The Association of Pre-S/S Gene Mutations and Hepatitis B Virus Vertical Transmission.

作者信息

Yin Yuzhu, Zhang Peizhen, Tan Zhangmin, Zhou Jin, Wu Lingling, Hou Hongying

机构信息

Department of Obstetrics and Gynecology, Third Affiliated Hospital, Sun Yat-Sen University, Guangzhou, China.

出版信息

Hepat Mon. 2016 Mar 6;16(3):e32160. doi: 10.5812/hepatmon.32160. eCollection 2016 Mar.

Abstract

BACKGROUND

HBV Pre-S/S gene mutations can occur before or after implementation of combined vaccination program. HBV Prs-S/S gene mutation is a risk factor of vaccination failure and frequently causes HBV vertical transfection.

OBJECTIVES

To assess the association of hepatitis B virus (HBV) S gene mutations with vertical transmission.

PATIENTS AND METHODS

In this prospective nested case-control study, a total of 60 pregnant women with positive serum HBsAg and HBV DNA ≥ 10(7) IU/mL were divided into a case group (15 cases with vaccination failure) and a control group (45 cases with vaccination success) according to whether their infants tested positive for HBV infection. Mothers and their children in the case group were further sub-divided into groups including mothers, newborns and infant (the same newborns at age of seven months). The pre-S/S gene mutations were detected by PCR and sequenced and its association with vertical transmission of HBV was analyzed.

RESULTS

HBV genotype B was the dominant genotype in the both groups' mothers. Each mother-child pair in case group had the same HBV genotype.
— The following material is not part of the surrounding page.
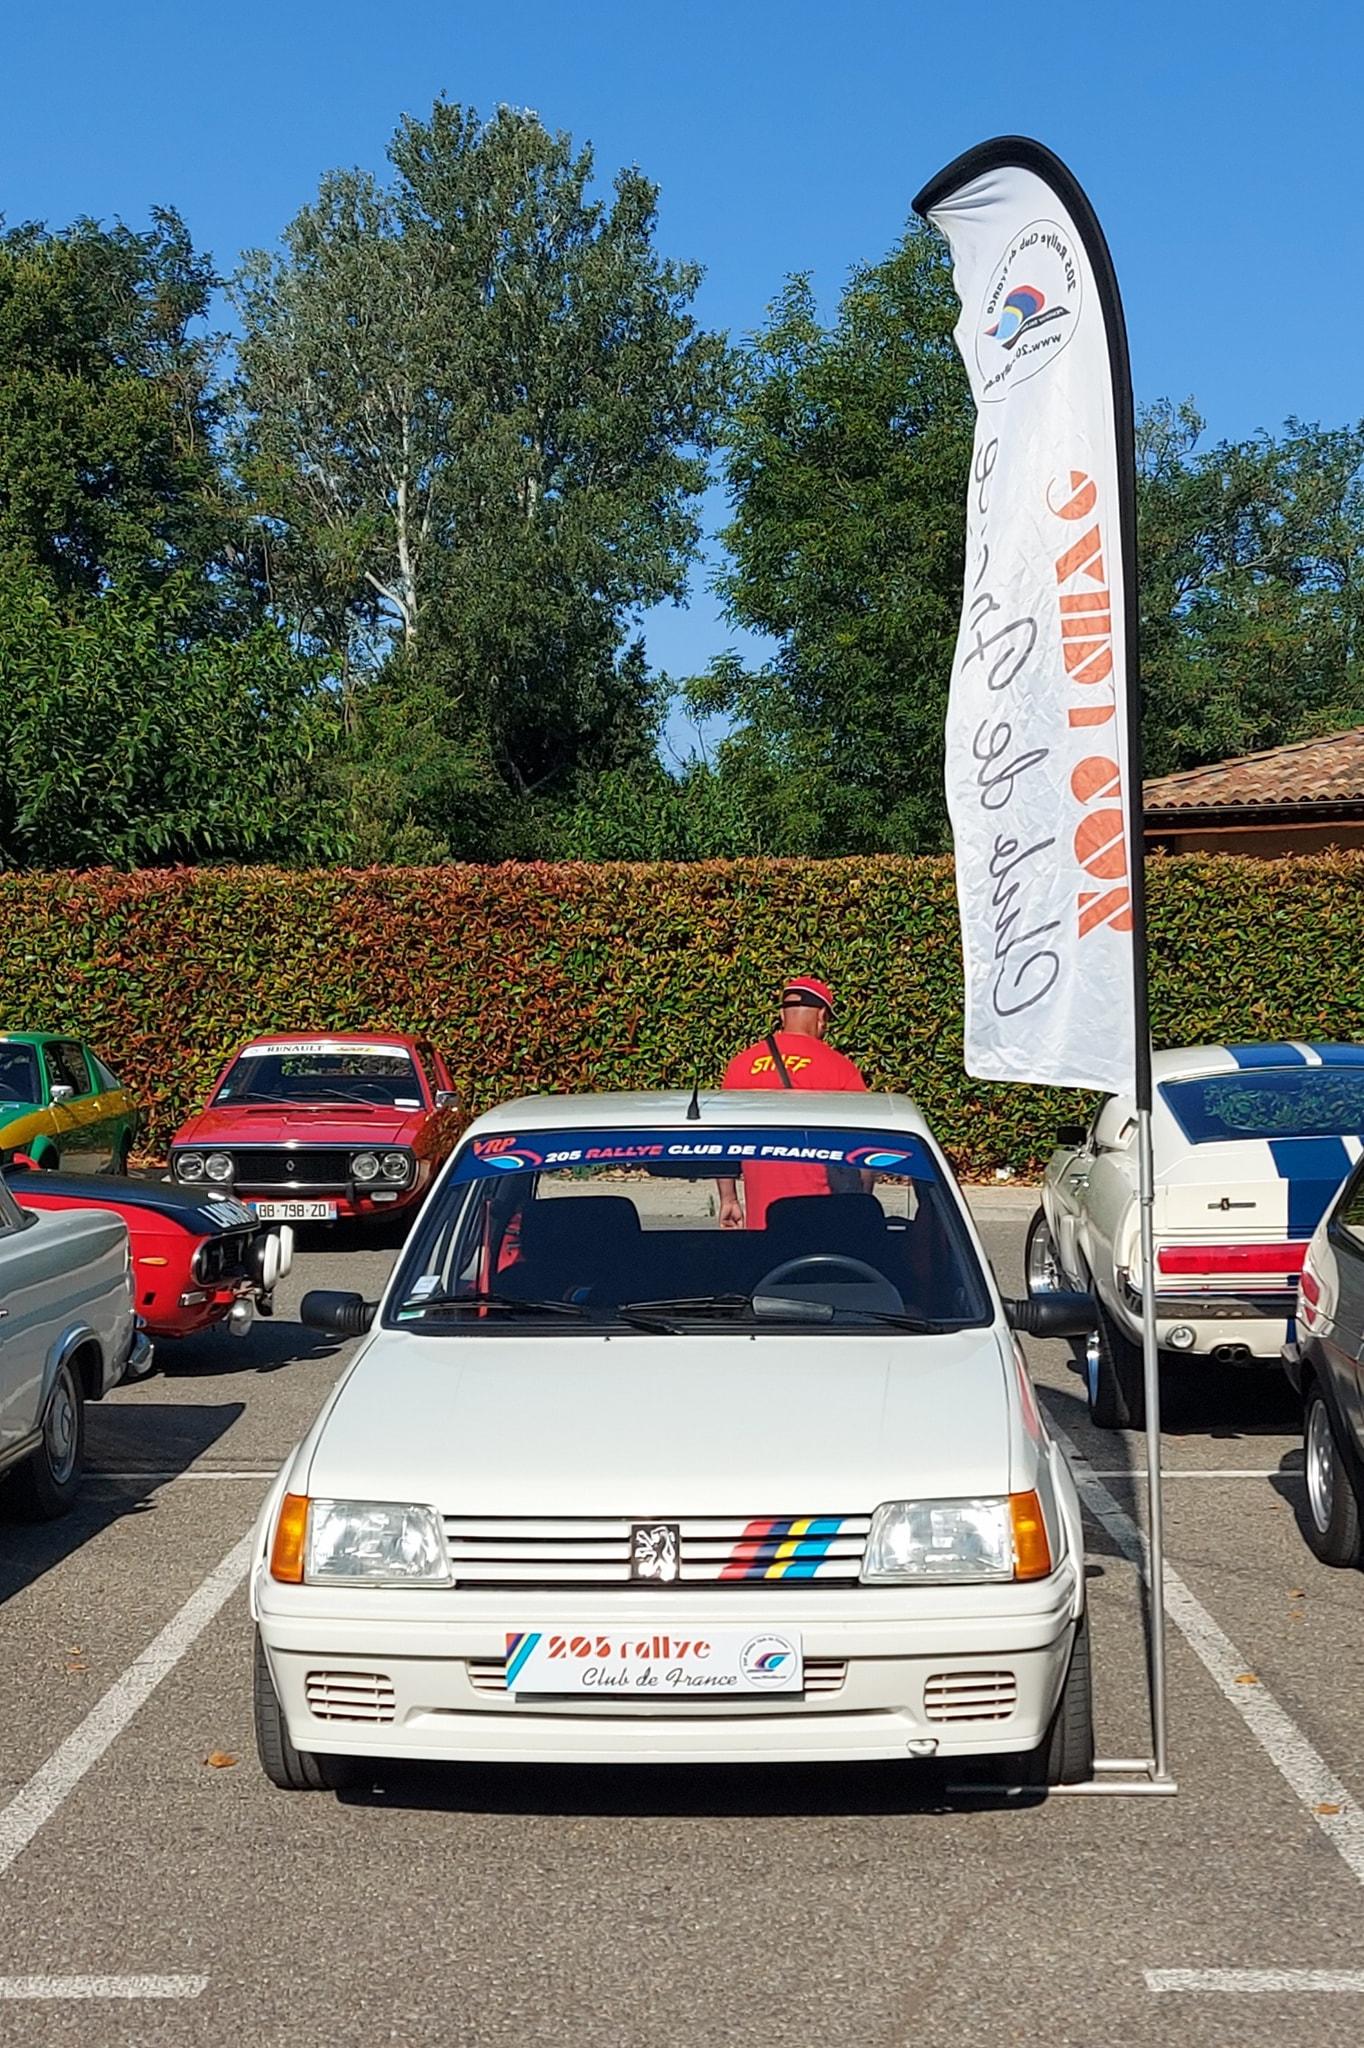 [jean-luc13] 205 Rallye Blanc Meije 1989 - Page 29 21984010

There were no significant differences in mutation frequencies of HBV Pre-S/S gene between case and control groups' mothers (Fragment 1 (M): 2 vs. 4, P > 0.05; Fragment 2 (M): 10 vs. 10, P > 0.05), or among the mothers, newborns and infants in the case group (Fragment 1 (M): 2, 2, and 3, respectively, P > 0.05; Fragment 2 (M): 10, 10 and 10 respectively, P > 0.05). Mutation site analysis of the both groups' mothers demonstrated 108 different mutation sites in the HBV pre-S/S gene, with 105 silent mutations and 5 missense mutations including ntA826G, ntC531T, ntT667C, ntC512T and ntC546A. Among 15 mother-newborn-infant pairs with successful PCR and sequence in case group, 7 (41.17%) mother-newborn pairs, 9 (60.00%) mother-infant pairs and 3 (20.00%) infant-newborn pairs had different mutation sites.

CONCLUSIONS

HBV in children due to vaccination failure was resulted from vertical transmission. HBV Pre-S/S gene mutations were prevalent and could occur before or after vaccination. Therefore, simply analyzing mutation frequency of HBV gene was not of value. To advance blocking HBV vertical transmission, future studies should focus on specific mutation sites, potentially associated with vaccination failure.

摘要

背景

乙肝病毒(HBV)前S/S基因突变可发生在联合疫苗接种计划实施之前或之后。HBV前S/S基因突变是疫苗接种失败的一个危险因素,并经常导致HBV垂直传播。

目的

评估乙肝病毒(HBV)S基因突变与垂直传播之间的关联。

患者和方法

在这项前瞻性巢式病例对照研究中,共有60例血清HBsAg阳性且HBV DNA≥10⁷IU/mL的孕妇,根据其婴儿HBV感染检测是否呈阳性,分为病例组(15例疫苗接种失败)和对照组(45例疫苗接种成功)。病例组的母亲及其子女进一步细分为母亲、新生儿和婴儿组(7个月大时为同一新生儿)。通过聚合酶链反应(PCR)检测前S/S基因突变并进行测序,分析其与HBV垂直传播的关联。

结果

两组母亲中,HBV B基因型均为主要基因型。病例组中每对母婴具有相同的HBV基因型。病例组和对照组母亲之间,以及病例组母亲、新生儿和婴儿之间,HBV前S/S基因突变频率均无显著差异(片段1(母亲):2例对4例,P>0.05;片段2(母亲):10例对10例,P>0.05)。两组母亲的突变位点分析显示,HBV前S/S基因中有108个不同的突变位点,其中105个为沉默突变,5个为错义突变,包括ntA826G、ntC531T、ntT667C、ntC512T和ntC546A。病例组中15对母婴成功进行PCR和测序,其中7对母婴(41.17%)、9对母亲与婴儿(60.00%)和3对婴儿与新生儿(20.00%)的突变位点不同。

结论

疫苗接种失败导致儿童感染HBV是由垂直传播引起的。HBV前S/S基因突变普遍存在,可发生在疫苗接种之前或之后。因此,单纯分析HBV基因突变频率并无价值。为进一步阻断HBV垂直传播,未来研究应关注与疫苗接种失败可能相关的特定突变位点。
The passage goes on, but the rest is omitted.